Has your team been the same members since you started or have you had new members join? Did you have any difficulties in transitioning between members?

Dan: I just look at them from a distance, I wouldn’t have noticed.

Greg: We’ve never had a team member change but if we did they would definitely have to adopt the colour of the departing member. We would all get too confused otherwise!

How do you handle ‘bad training days’?

Dan: At the pub afterwards.

Greg: For us a bad training day is typically for one of two reasons: tiredness or cold. There’s definitely days when we’ve stopped early because training isn’t productive and it’s very expensive! If it’s a short term problem then taking a lift or 2 on the ground to reset, warm up and have a coffee can definitely help.

Martin: Remembering that we’re doing this mostly for fun, if we’re struggling with one particular aspect of the training we’ll switch it up and work on something else to avoid the frustration.

Read AK’s blog article ‘5 Ways Meditation can be valuable in Skydiving‘ for ideas on how to manage the mental side of training

Do all of you work in skydiving and live near each other? If not, how do you manage training schedules?

Dan: I did until a couple years ago, but trying to make a living from skydiving doesn’t help give you anymore free time for team stuff. I’d sometimes combine work and training on the same day and they’d do some jumps without camera.

Greg: Apart from Dan, none of us have ever worked in skydiving, we all have 9-5s (or 8-8s depending on the week). We’re pretty spread out across the south of the UK. Wind tunnel training is often the hardest thing to manage as 4 hours of driving on top of the tunnel training on a work night is tough. We have been taking advantage of our new found flexibility to work a little more remotely which eases the burden.

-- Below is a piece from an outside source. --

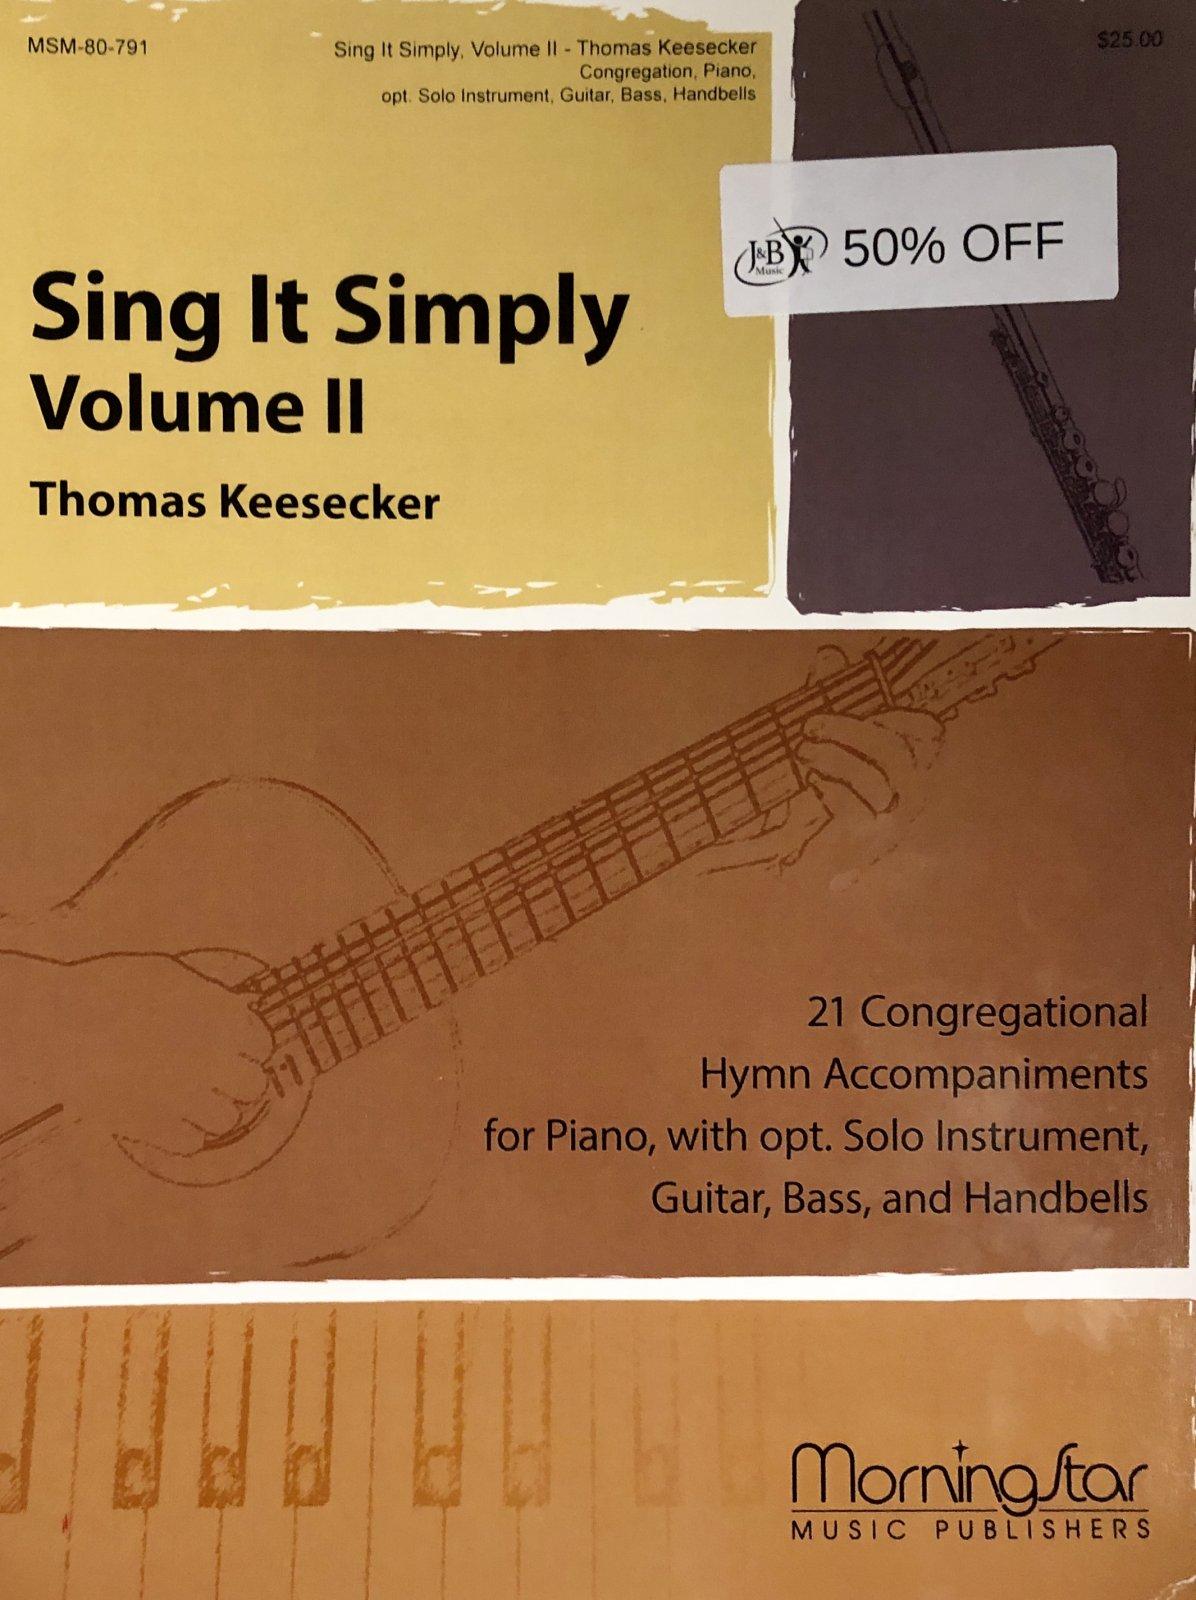 Sing It Simply | Volume II | Thomas Keesecker

Sarah: It is quite challenging fitting training around life. We get together in January to hash out jumping weekends and they are set for the year. No excuses for wedding invites/birthdays we forgot about at the time.

Martin: Working full time means a lot of weekends and annual leave are dedicated to skydiving which can be challenging to balance.

Who would you want to be in the finals with?

Dan: Ideally another team who are as unprepared as us.

Martin: Anyone who is up for a good laugh and a beer at the end of the day.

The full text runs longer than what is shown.